AI methods are used in societally important settings, ranging from credit to
employment to housing, and it is crucial to provide fairness in regard to
algorithmic decision making. Moreover, many settings are dynamic, with
populations responding to sequential decision policies. We introduce the study
of reinforcement learning (RL) with stepwise fairness constraints, requiring
group fairness at each time step. Our focus is on tabular episodic RL, and we
provide learning algorithms with strong theoretical guarantees in regard to
policy optimality and fairness violation. Our framework provides useful tools
to study the impact of fairness constraints in sequential settings and brings
up new challenges in RL.

介绍了在社会重要领域中使用人工智能算法进行算法决策的公平性问题，并介绍了强调每个时间步骤群体公平性的强化学习框架和学习算法。

具有分步公平约束的强化学习

Reinforcement Learning with Stepwise Fairness Constraints

Off-policy evaluation of sequential decision policies from observational data
is necessary in applications of batch reinforcement learning such as education
and healthcare. In such settings, however, unobserved variables confound
observed actions, rendering exact evaluation of new policies impossible, i.e.,
unidentifiable. We develop a robust approach that estimates sharp bounds on the
(unidentifiable) value of a given policy in an infinite-horizon problem given
data from another policy with unobserved confounding, subject to a sensitivity
model.

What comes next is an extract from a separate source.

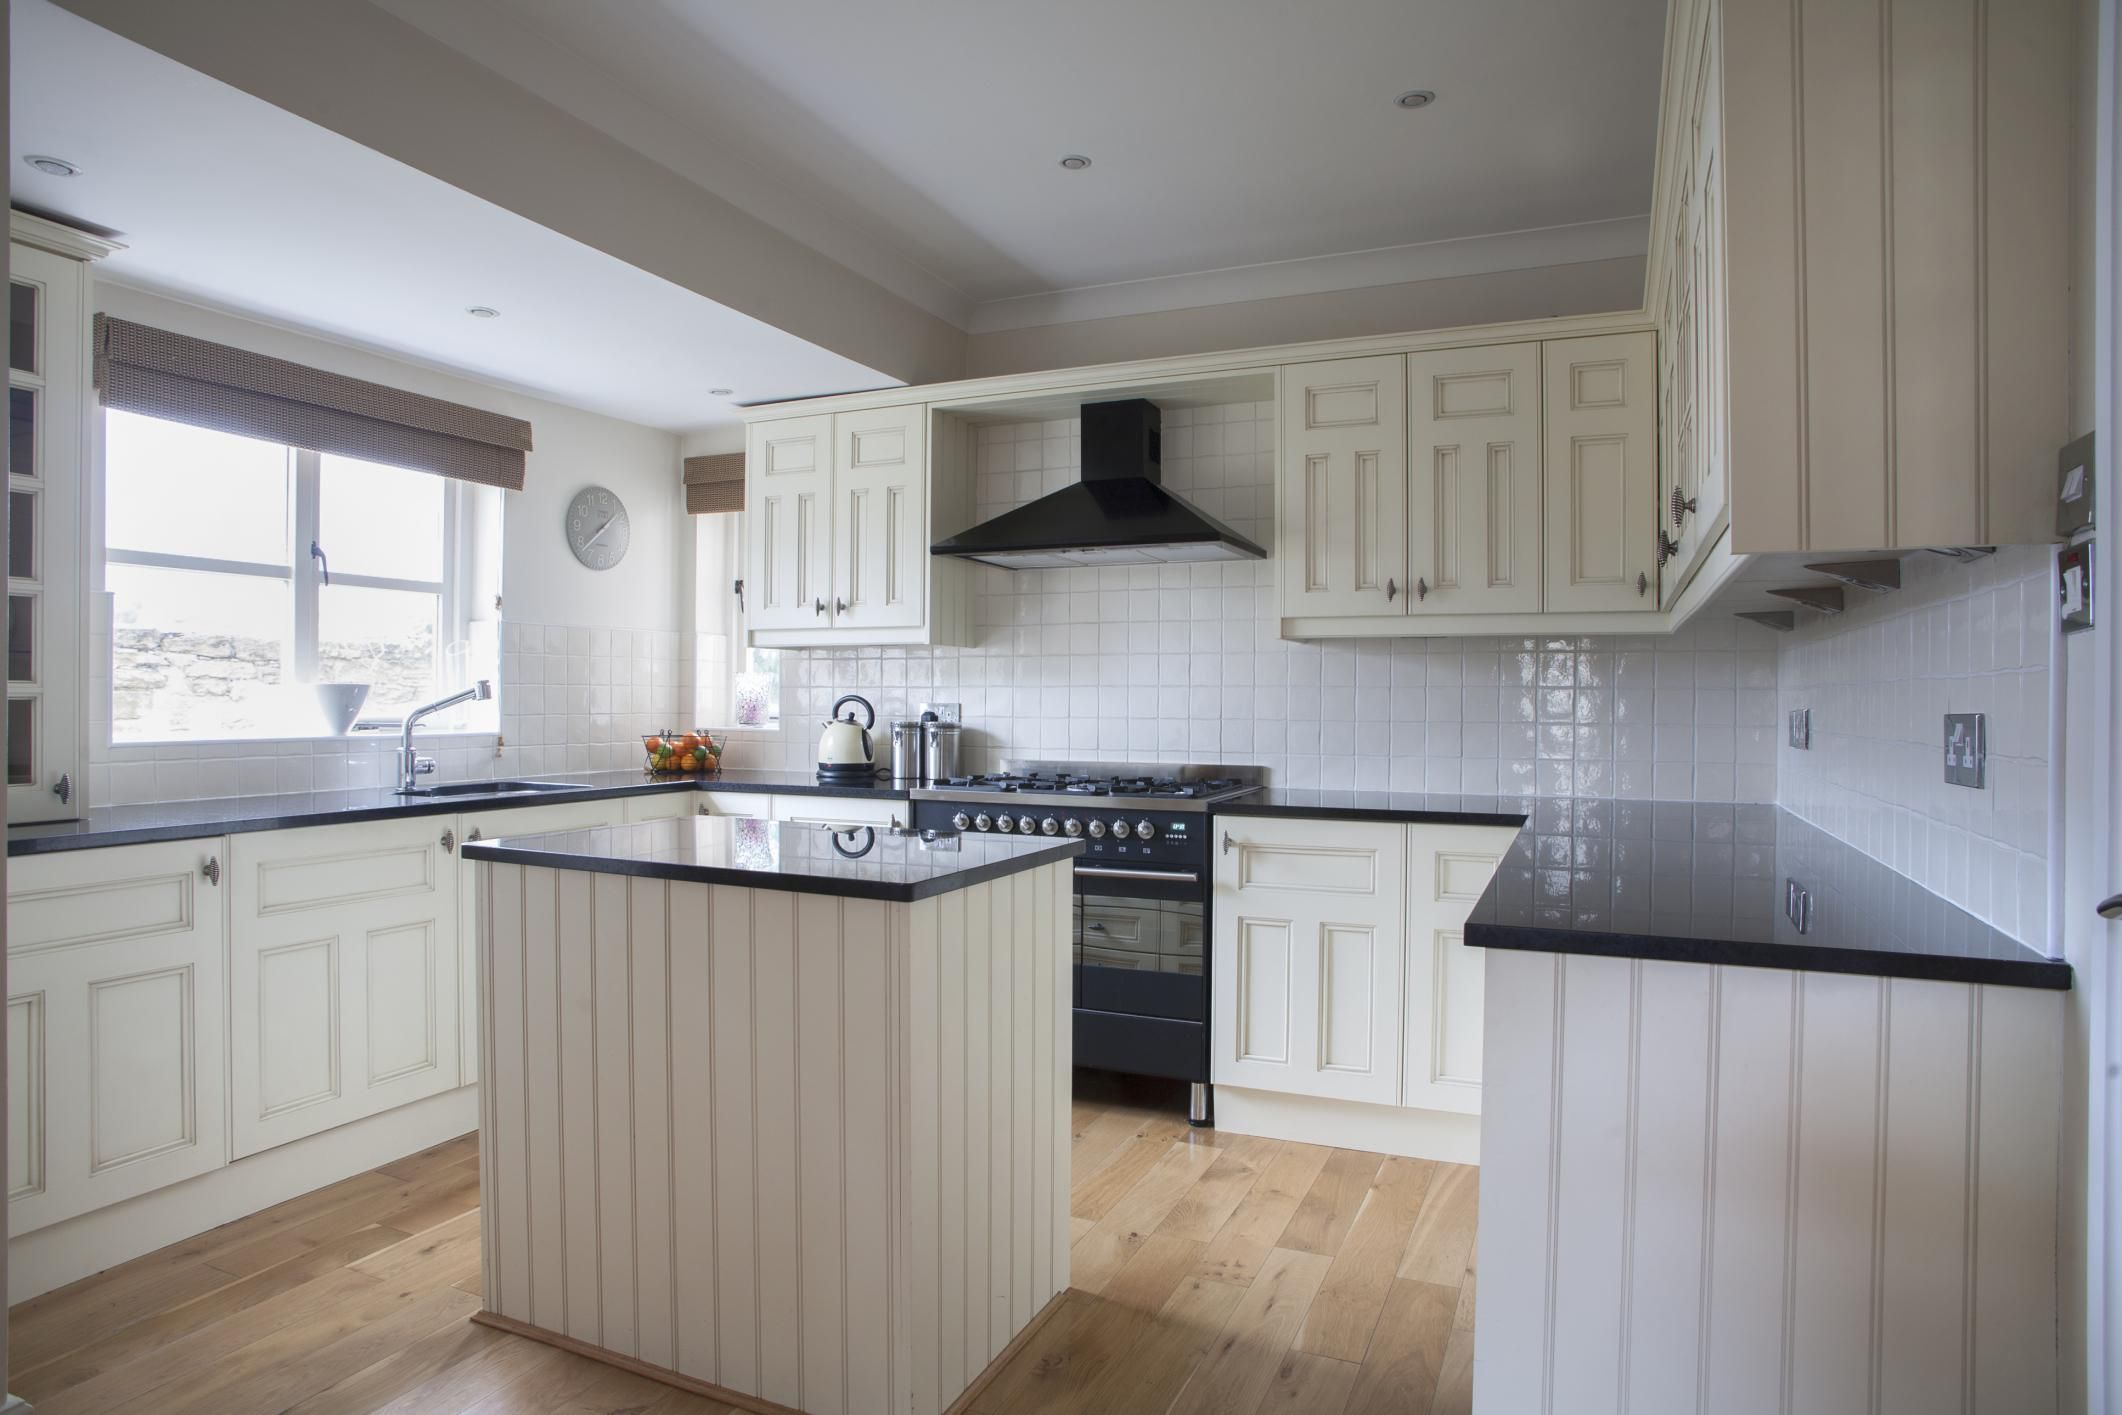 7 ways to cut your kitchen remodel bill in half kitchens

We consider stationary or baseline unobserved confounding and compute
bounds by optimizing over the set of all stationary state-occupancy ratios that
agree with a new partially identified estimating equation and the sensitivity
model. We prove convergence to the sharp bounds as we collect more confounded
data. Although checking set membership is a linear program, the support
function is given by a difficult nonconvex optimization problem. We develop
approximations based on nonconvex projected gradient descent and demonstrate
the resulting bounds empirically.

通过数据策略辅助下的敏感性模型，我们开发了一种强健的方法，针对诸如教育和医疗等批量强化学习的应用中未被观察到的变量，估计了一个无限时间阶段内给定策略值的尖锐边界。我们证明，随着我们收集更多混淆数据，我们能够收敛于尖锐的边界。虽然检查集合成员身份是一个线性规划，但支持功能是由一个困难的非凸优化问题给出的。我们基于非凸投影梯度下降方法开发了一些近似，并在实证中演示了所得到的边界。